Non-Linear Regression¶

The linear-regression techniques assume that the regression coefficients scale linearly. In many cases this is not true.

Initial approaches to non-linear functions typically resort to transforming the data (e.g. logs and magnitudes).

MCMC techniques can be used to sample the parameter space.

An alternate approach is to use the Levenberg-Marquardt (LM) algorithm to optimize the maximum likelihood estimation. LM searches through a combination of gradient descent and Gauss-Newton optimization. If we can express our regression function as a Taylor series expansion then, to first order, we can write

$f(x_i|\theta) = f(x_i|\theta_0) + J d\theta$

where $\theta_0$ is an initial guess for the regression parameters, $J$ is the Jacobian about this point ($J=\partial f(x_i|\theta)/ \partial \theta$), and $d\theta$ is a small change in the regression parameters.

LM minimizes the sum of square errors,

$\sum_i (y_i- f(x_i|\theta_0) - J_i d\theta)^2$

for the perturbation $d\theta$. This results in an update relation for $d\theta$ of

$(J^TC^{-1}J + \lambda\ {\rm diag}(J^TC^{-1}J) )\,d\theta = J^TC^{-1}(Y-f(X|\theta))$

$\lambda$ term acts as a damping parameter. For small $\lambda$ the relation approximates a Gauss-Newton method (i.e., it minimizes the parameters assuming the function is quadratic). For large $\lambda$ the perturbation $d\theta$ follows the direction of steepest descent. The diag$(J^TC^{-1}J)$ term, as opposed to the identity matrix used in ridge regression, ensures that the update of $d\theta$ is largest along directions where the gradient is smallest (which improves convergence).

In SciPy scipy.optimize.leastsq implements the LM algorithm

How do we deal with outliers: robust regression¶

The $L_2$ norm is sensitive to outliers (i.e. it squares the residuals). A number of approaches exist for correcting for outliers. These include "sigma-clipping", using interquartile ranges, taking the median of solutions of subsets of the data, and least trimmed squares (which searchs for the subset of points that minimizes $\sum_i^K (y_i - \theta_ix_i)^2$).

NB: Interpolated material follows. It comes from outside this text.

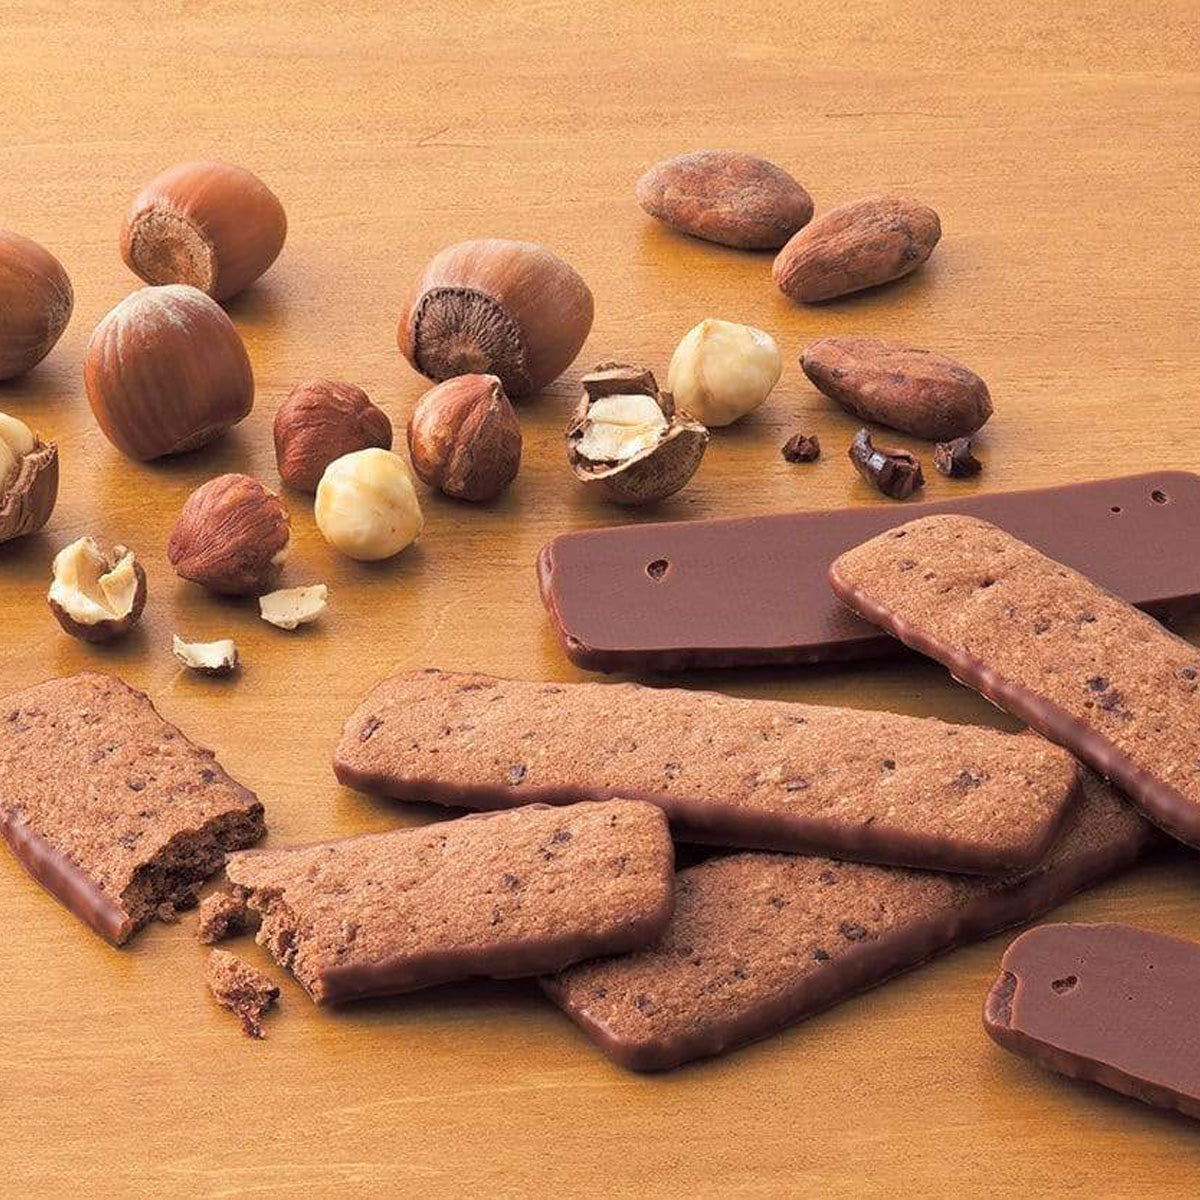 ROYCE' Chocolate - Baton Cookies "Hazel Cacao" - Image shows brown cookies with brown chocolate chips coated with brown chocolate. Accents include nuts in various shapes. Background is brown.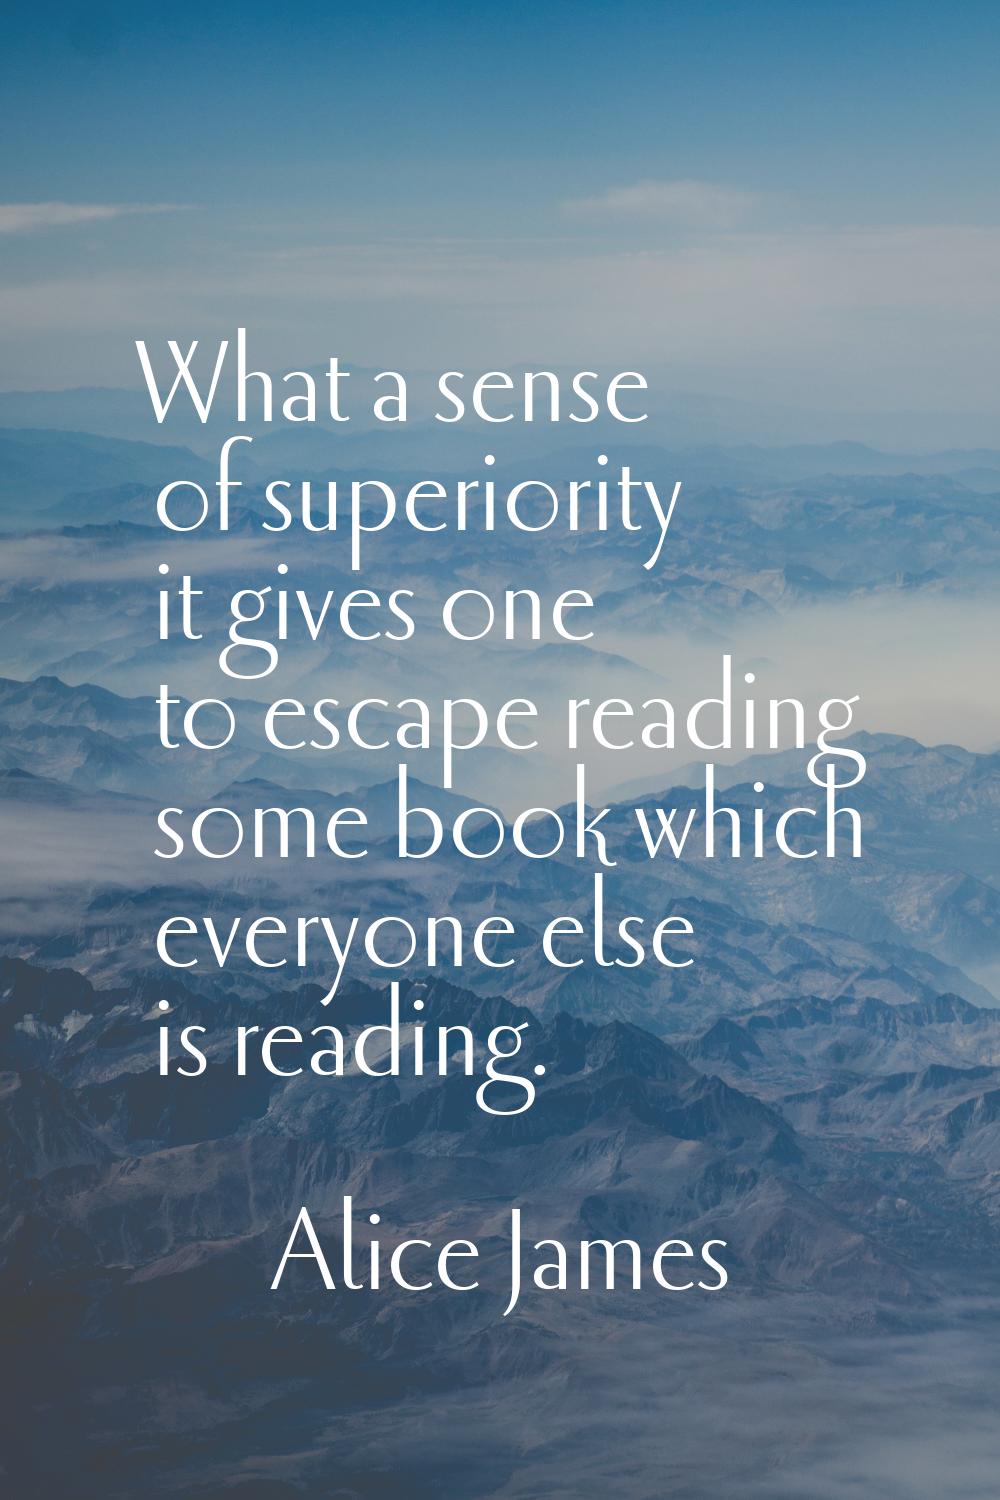 What a sense of superiority it gives one to escape reading some book which everyone else is reading

Other approaches include changing the loss function that is minimized such as the Huber loss function

$ \sum_{i=1}^N e(y_i|y), $

where

$ e(t) = \left{ \begin{array}{ll} \frac{1}{2} t^2 & \mbox{if} \; |t| \leq c, \ c|t| - \frac{1}{2} c^2 & \mbox{if} \; |t| \geq c, \end{array} \right ) $

this is continuous and differentiable and transitions to an $L_1$ norm for large excursions

%matplotlib inline
import numpy as np
from matplotlib import pyplot as plt

from scipy import optimize
from astroML.datasets import fetch_hogg2010test

#------------------------------------------------------------
# Get data: this includes outliers
data = fetch_hogg2010test()
x = data['x']
y = data['y']
dy = data['sigma_y']


# Define the standard squared-loss function
def squared_loss(m, b, x, y, dy):
    y_fit = m * x + b
    return np.sum(((y - y_fit) / dy) ** 2, -1)


# Define the log-likelihood via the Huber loss function
def huber_loss(m, b, x, y, dy, c=2):
    y_fit = m * x + b
    t = abs((y - y_fit) / dy)
    flag = t > c
    return np.sum((~flag) * (0.5 * t ** 2) - (flag) * c * (0.5 * c - t), -1)

f_squared = lambda beta: squared_loss(beta[0], beta[1], x=x, y=y, dy=dy)
f_huber = lambda beta: huber_loss(beta[0], beta[1], x=x, y=y, dy=dy, c=1)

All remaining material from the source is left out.